Unique brain connectivity features have previously been proposed to play a role in differences underlying behavior and cognition65. Specifically, difference in behavioral performance in motor and decision associated tasks are correlated with fractional anisotropy of the corpus callosum66,67, optic radiation68 and grey matter density69. Cortical thickness within the superior parietal lobes has been found to be correlated with the rate of switching in a perception based task70. In addition, structural features unique to an individual lead to characteristic brain functional activity in modeling analysis and task performance38,71.

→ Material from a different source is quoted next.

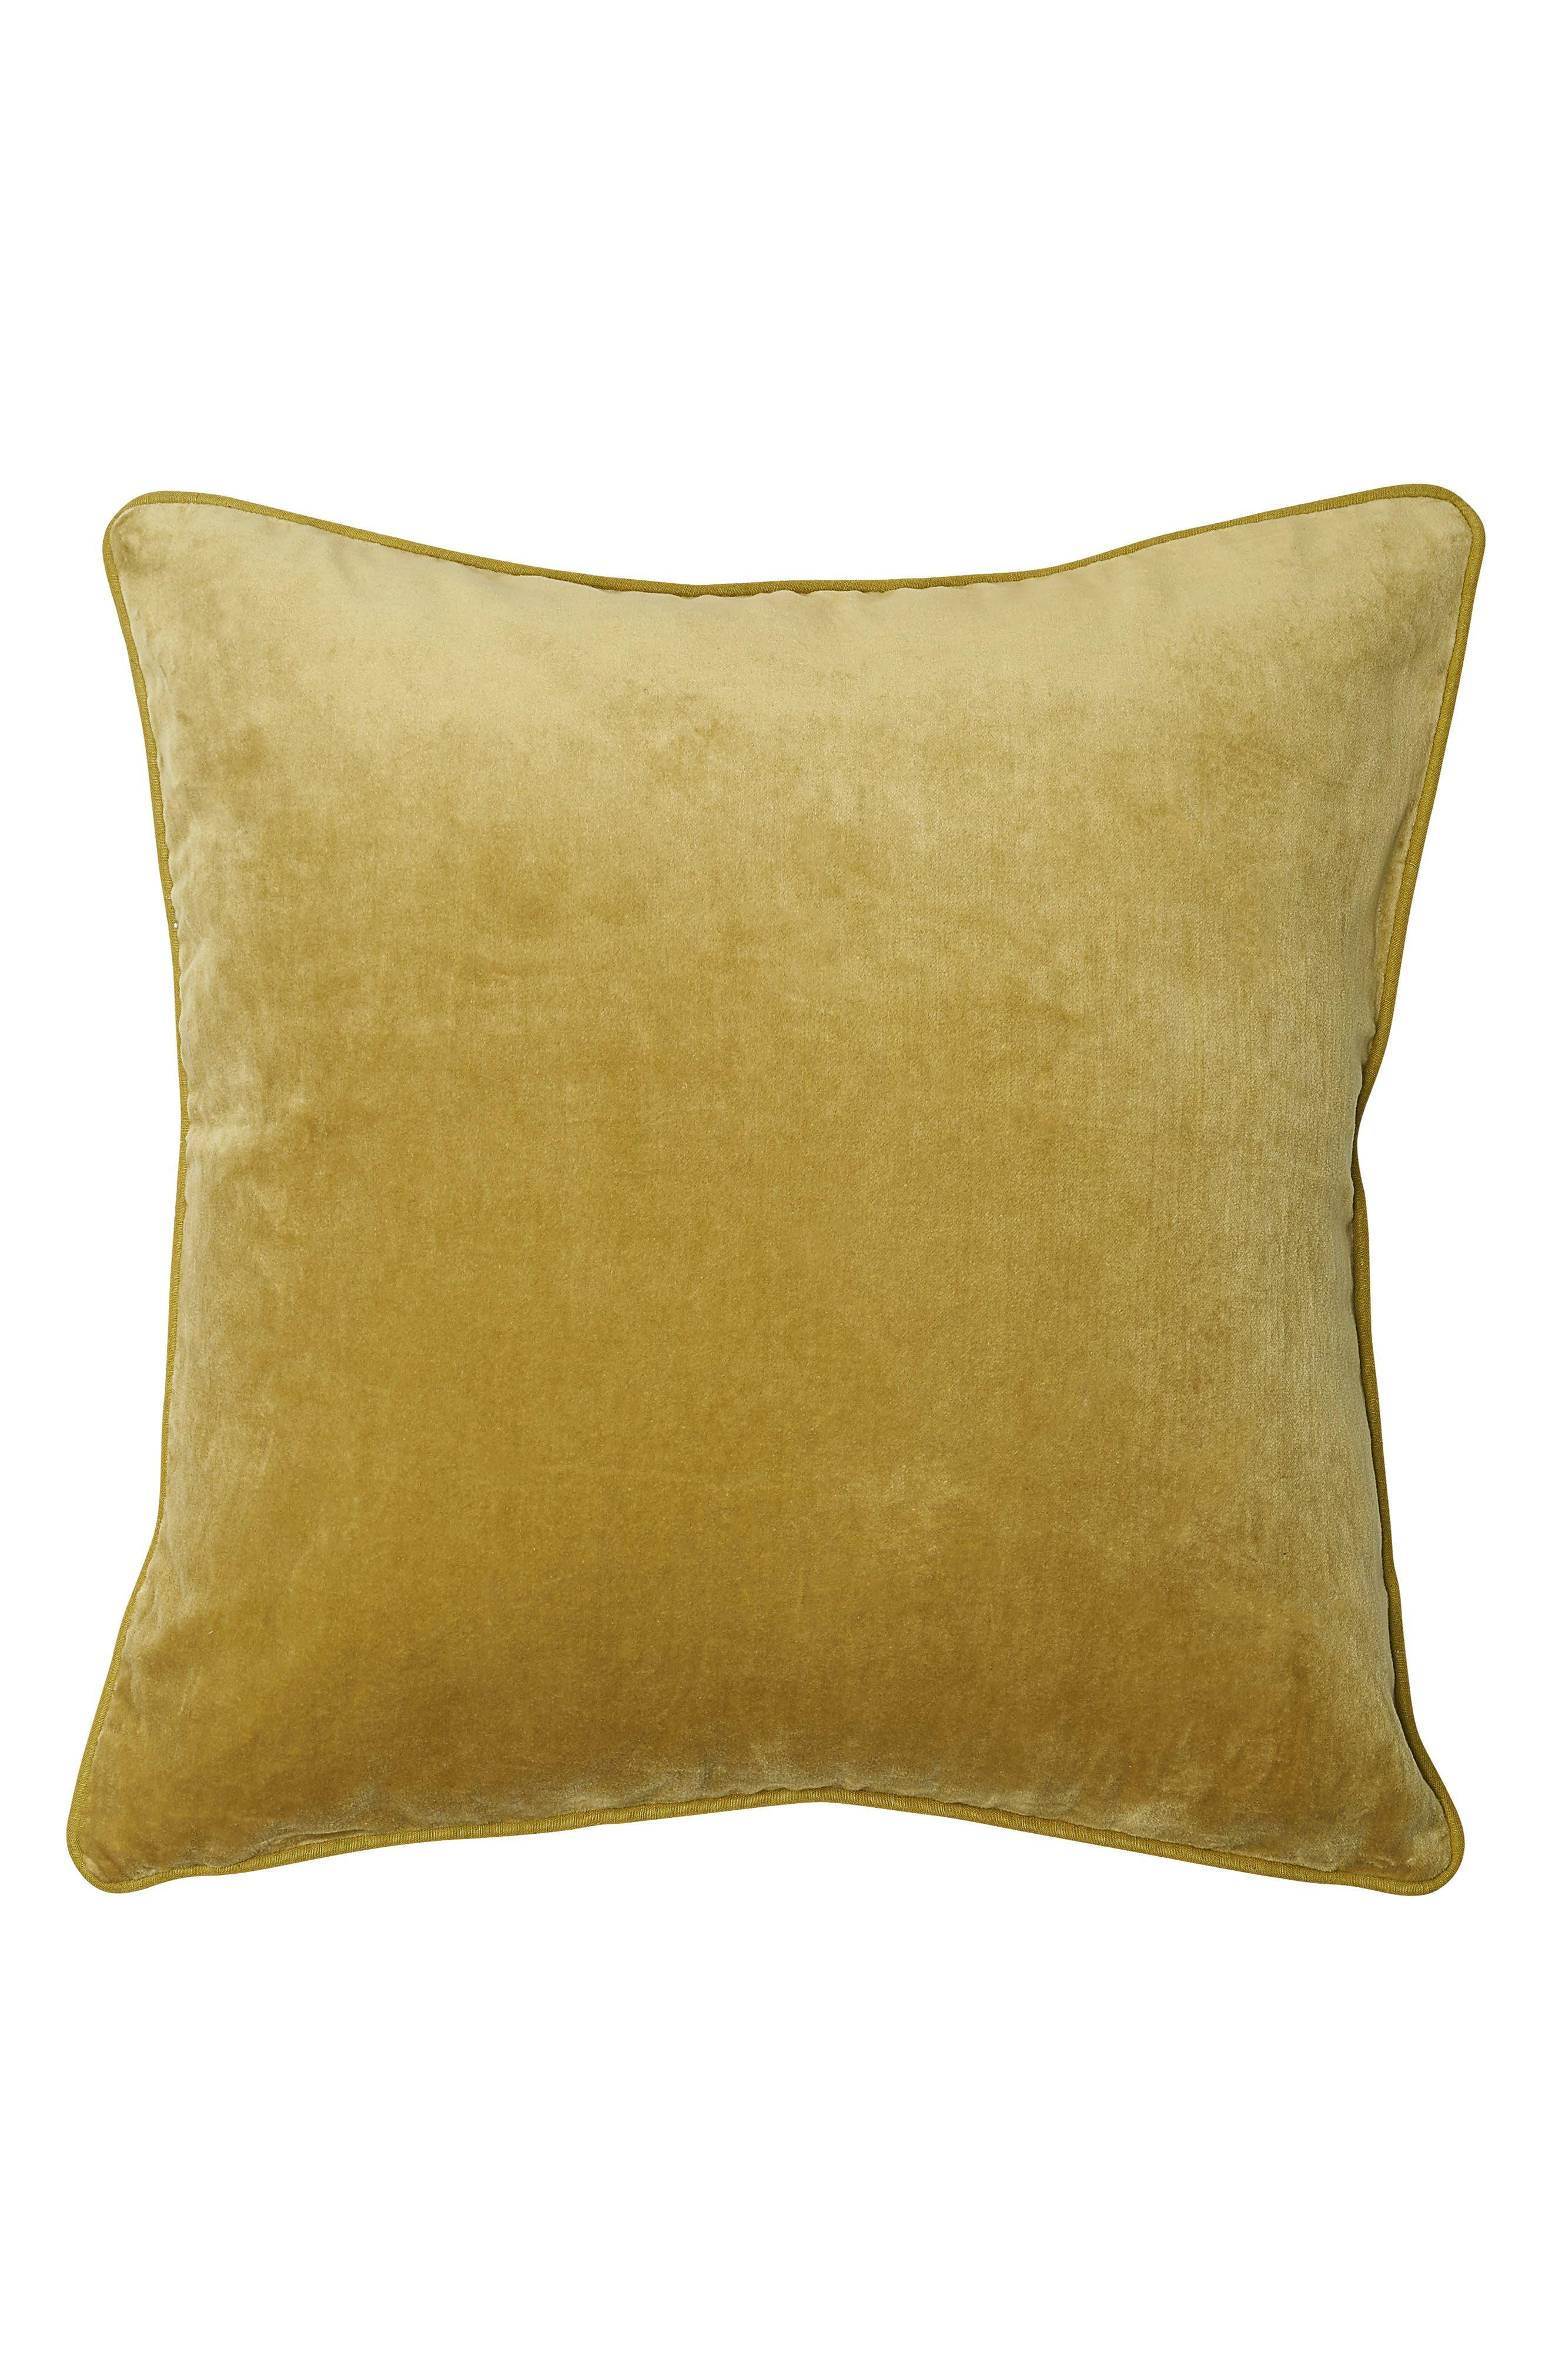 EADIE LIFESTYLE, Lynette Velvet Scatter Accent Pillow, Main thumbnail 1, color, LIME

Is a connection with poor reliability good or bad? To answer this, we need to be mindful of the goal at hand. First and foremost, we need to make sure that reliability values are not due to noise in the signal or artificially low due to short lengths of recordings. On the other hand, if we are confident that low reliability is a genuine part of the signal, then that is also a very informative finding. The seminal work of Poldrack et al.72 found that functional connectivity exhibits a high level of variability within the same person over the course of a year. Along these lines, Noble et al.61 found that functional connections with strong reliability are not very informative when it pertains to predicting behavior. However, we need to be mindful that this is an effect limited to functional connectivity. Therefore, structural connections and/or higher-order network metrics might exhibit a stronger association between reliability and behavior. Also, finding highly reproducible brain connections and/or measures might be very important if we are looking for deviations from expected values that could be used as biomarkers for disease identification/progression. Alternatively, connections and/or measures with low reliability might be useful for studying individual differences and making correlations between structure and performance/behavior.

But, even beyond reliability and noise, our functional results could, along with previous literature, reflect the natural day-to-day changes in our brain. Neuroplastic changes in the brain are the hallmark of learning and memory73, and these changes or natural fluctuations and modifications in the neural code74, reflecting learning and memory could be reflected in functional connectivity. Indeed, there are many examples of rapid neuroplastic changes in the brain that results in functional connectivity changes (e.g., Nierhaus et al., 2019), but see Perich et al.76 as an alternative theory. Moreover, in this particular dataset, individuals were recruited to capture substantial variability in sleep without experimental manipulation. While there is a substantial literature on brain related decrements due to sleep deprivation77,78 little is known about naturalistic fluctuations in sleep46,79. These individuals instead could be more “plastic” (or “stationary”) than other individuals. Future studies will hopefully work to disentangle the effects of neuroplasticity from experimental factors that affect reliability estimates. 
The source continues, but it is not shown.